### Work item:
Starting at the line that contains "Fresh potato cut into wedges" and stopping at the line that contains "Catalog Selgros 8", transcribe every line of the material below exactly; pictures stay out.

### Materials provided:
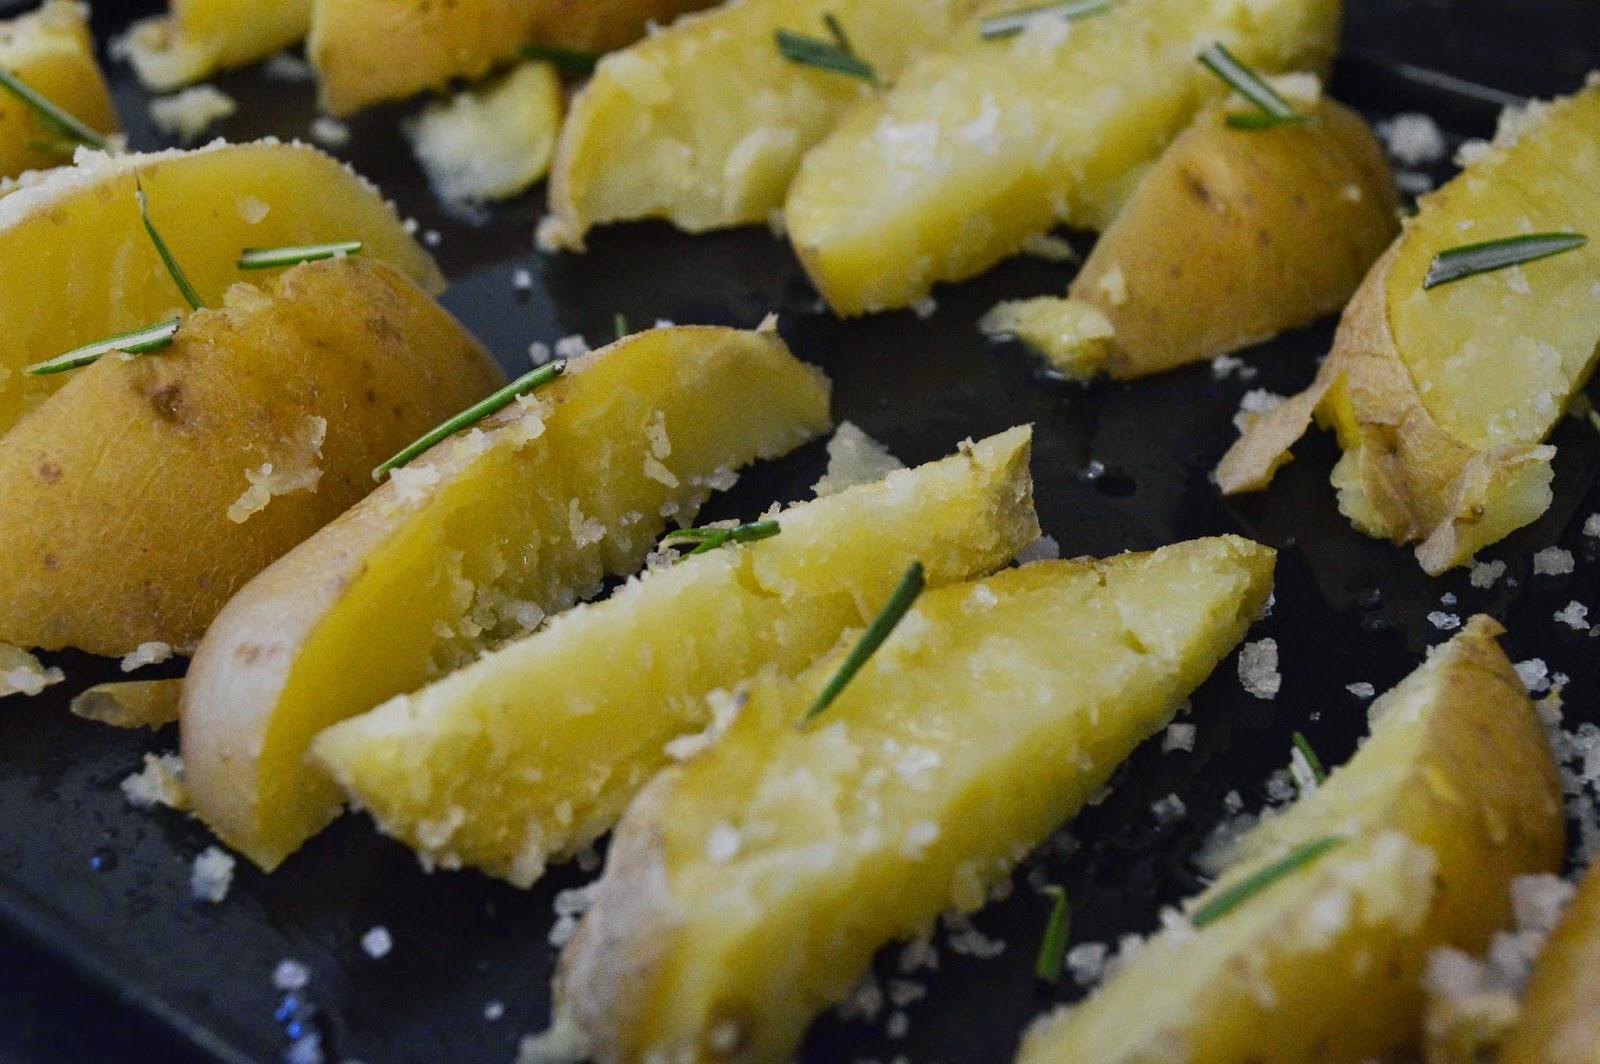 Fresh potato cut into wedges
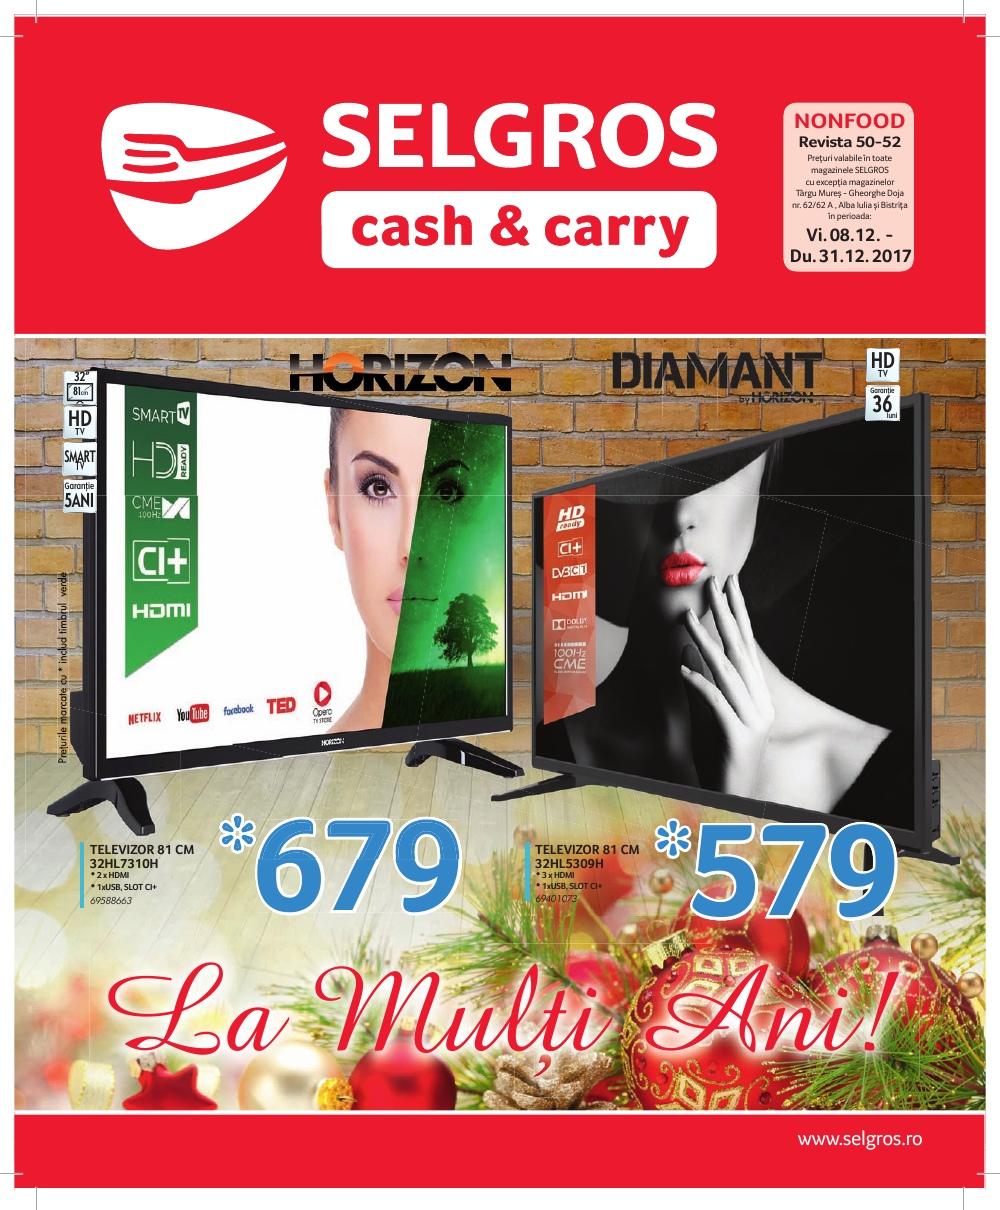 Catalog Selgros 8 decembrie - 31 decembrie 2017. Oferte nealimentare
...
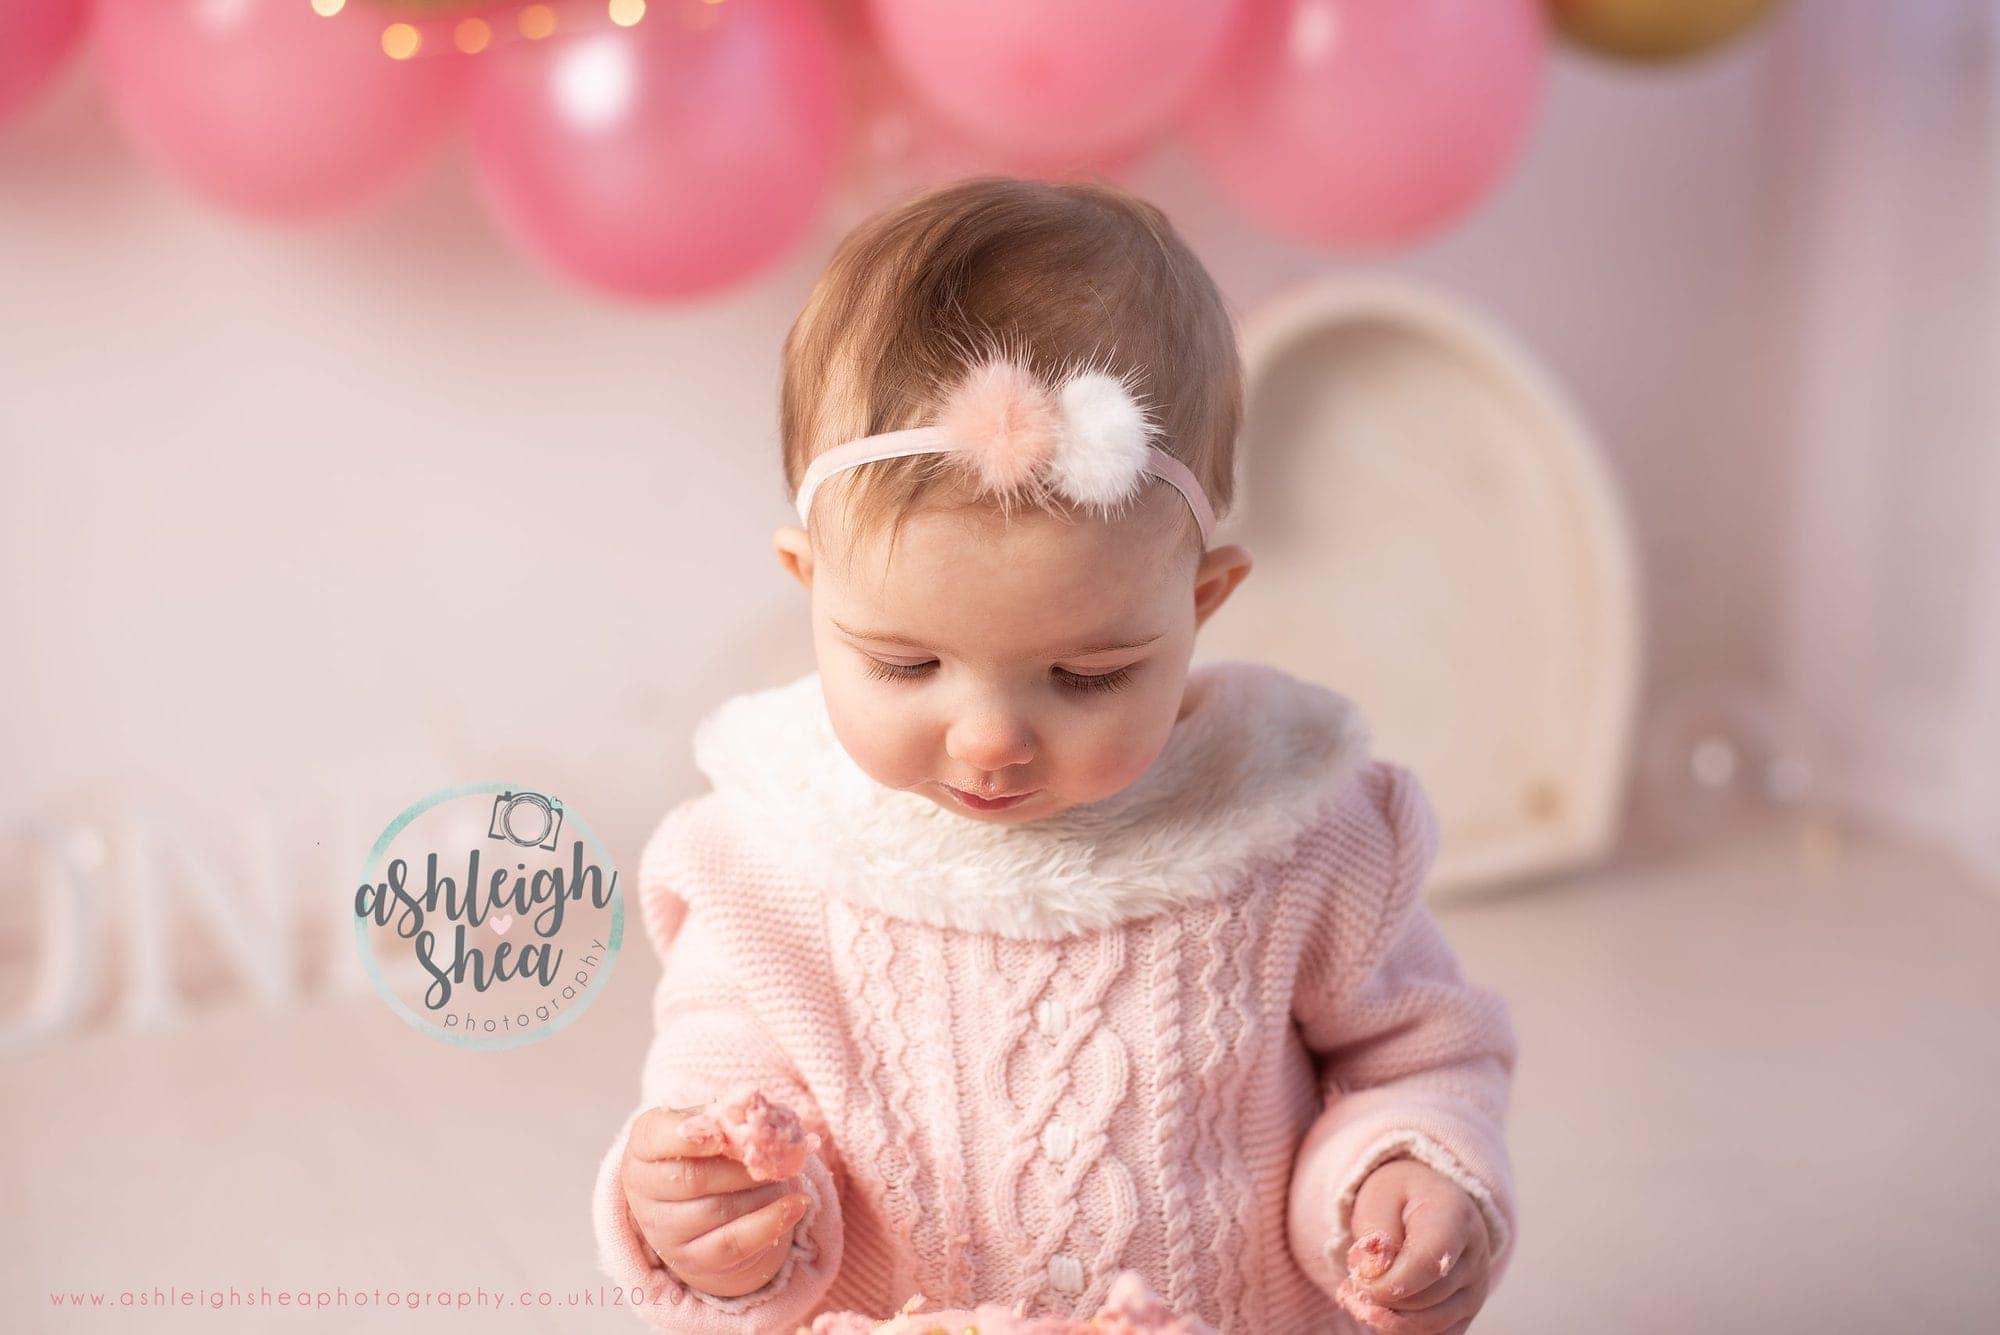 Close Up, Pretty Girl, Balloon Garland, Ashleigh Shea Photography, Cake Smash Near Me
---
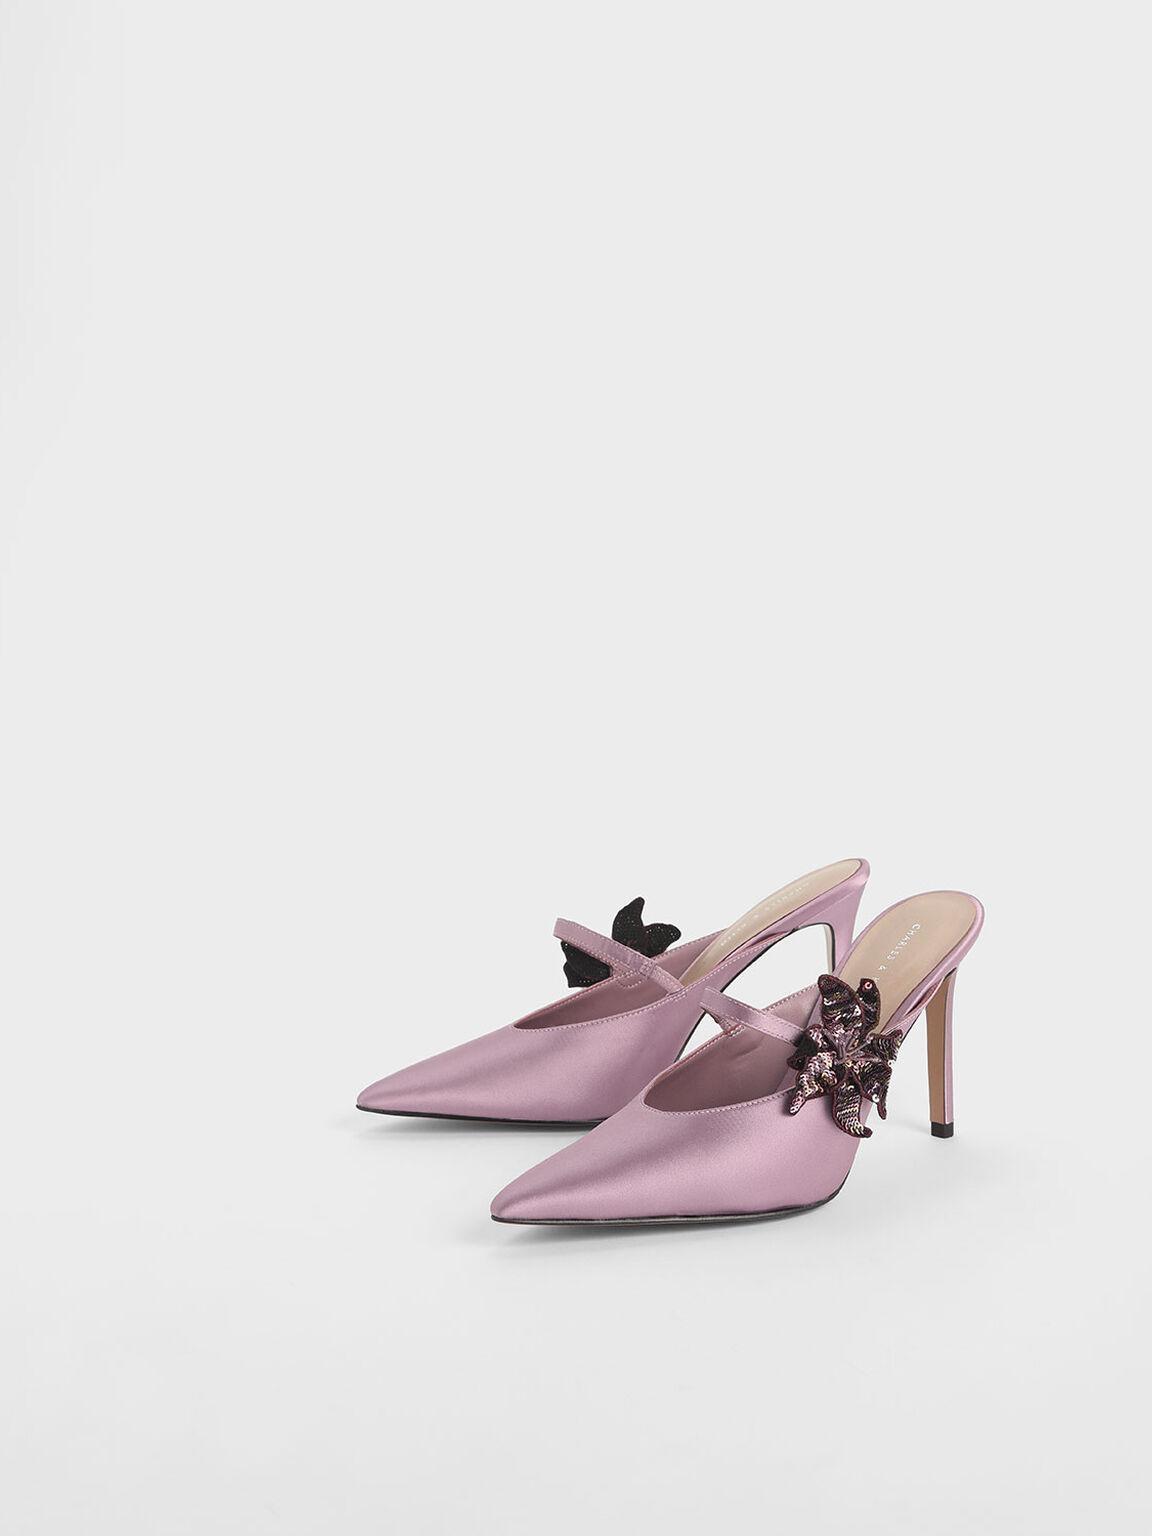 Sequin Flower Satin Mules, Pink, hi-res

### Answer box:
 Fresh potato cut into wedges
 Catalog Selgros 8 decembrie - 31 decembrie 2017. Oferte nealimentare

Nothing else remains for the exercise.